Lock Up Your Daughters is a 1959 British horror film starring Bela Lugosi as narrator. The film was produced by E.J. Fancey, using archival footage from 1940s horror films (mostly from Monogram Pictures starring Lugosi); and reportedly ran 50 minutes. Phil Rosen is credited as the film’s director. It was made in England which was the only country in which the film was ever shown. It appears to be a lost film today, sought by the BFI.

Alongside the Kinematograph Weekly review, the film was advertised in the Liverpool Echo as playing on a double bill with The Neanderthal Man. To date, no prints or press materials on the film have surfaced.

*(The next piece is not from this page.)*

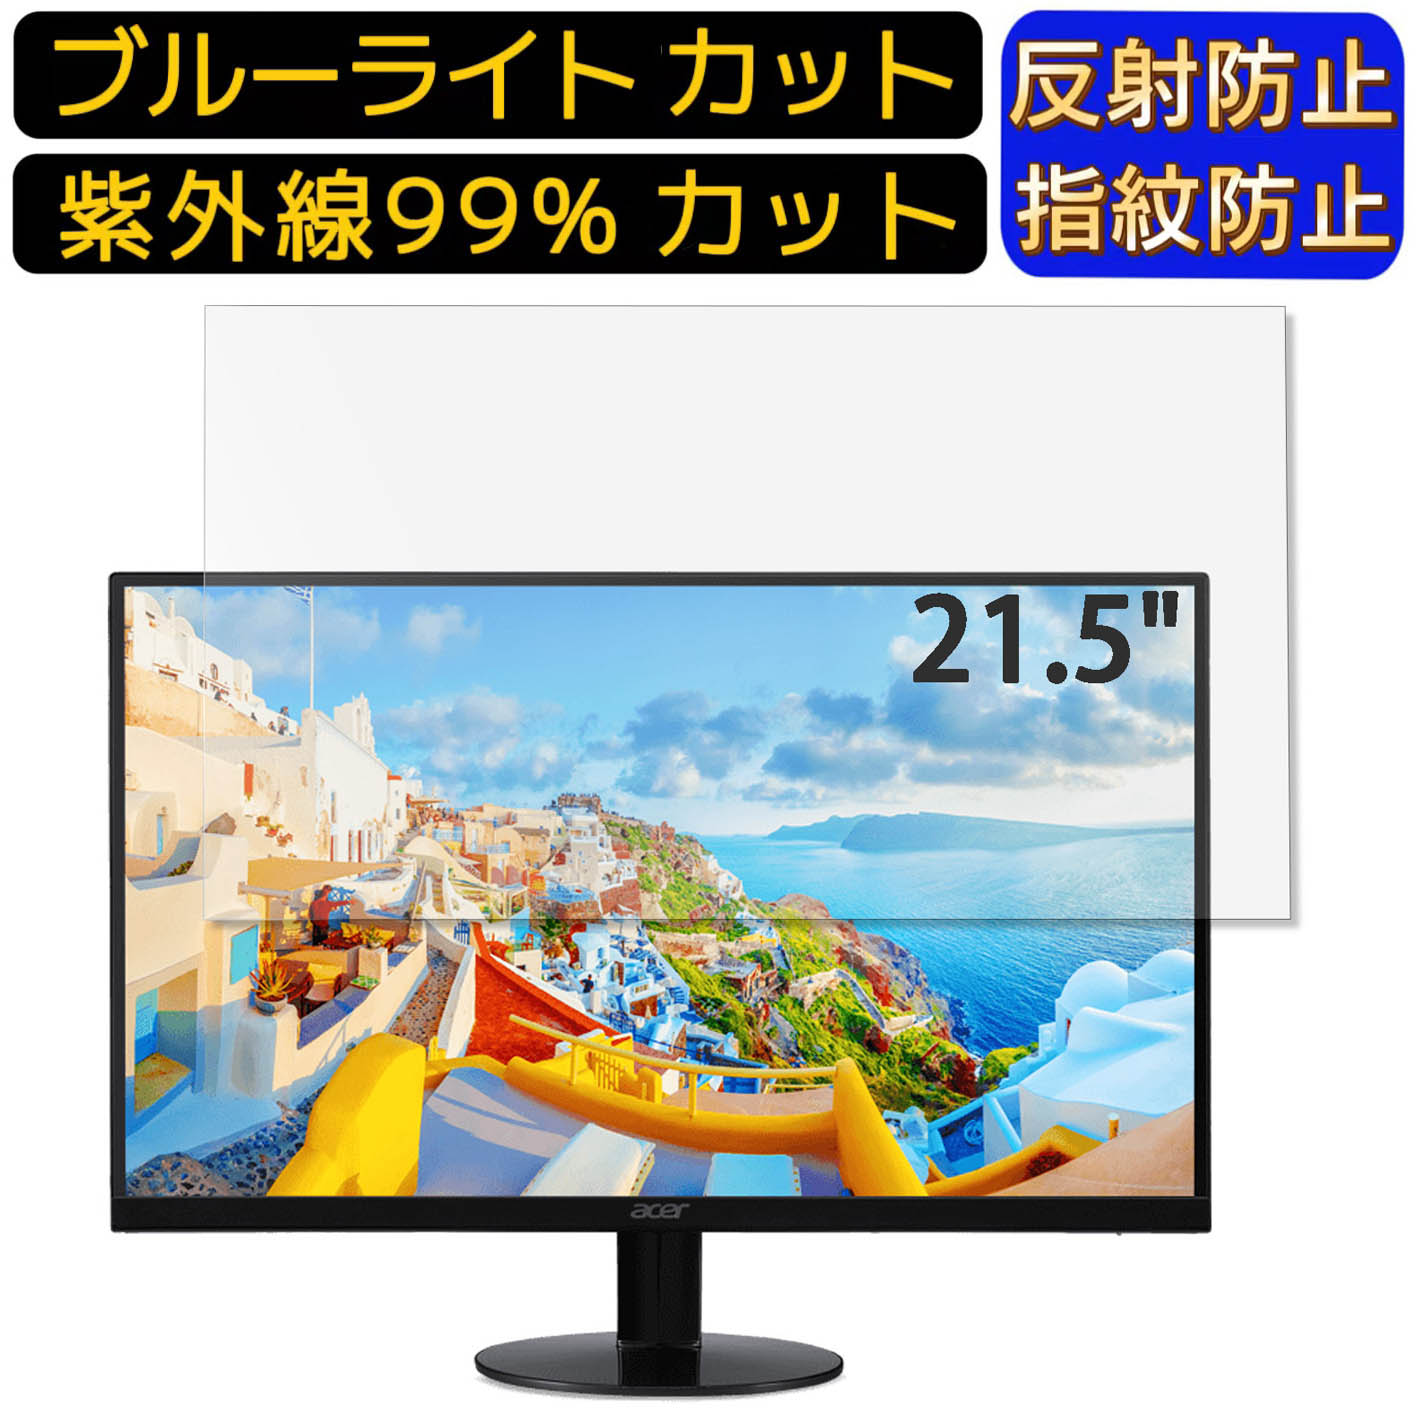 【ポイント2倍】Acer SB220Qbi 21.5イン

In 1950, Lugosi starred on a one-hour TV program called "Murder and Bela Lugosi" for WPIX-TV in which he was interviewed and provided commentary about a number of his old Monogram horror films, while clips from the films were shown. Historian Gary Rhodes thinks some of this "Lugosi as host" footage found its way into the 1959 British film called "Lock Up Your Daughters".

==Plot==
Details on the film’s plot are sketchy. A 1959 review of the film that appeared in the British trade journal Kinematography Weekly claimed that Lugosi played a "vampiric doctor who experiments on young women in order to bring back to life his lovely wife." The review states the film incorporates clips from films made earlier in Lugosi’s career, with footage featuring the Bowery Boys and "some of the great favourites of yesteryear."

Other reviews of the film claim that Lugosi served as an on-screen host narrating a series of excerpts from his older films, while there are also assertions that Lock Up Your Daughters offered cash prizes for audience members who could identify the original films referenced in this production.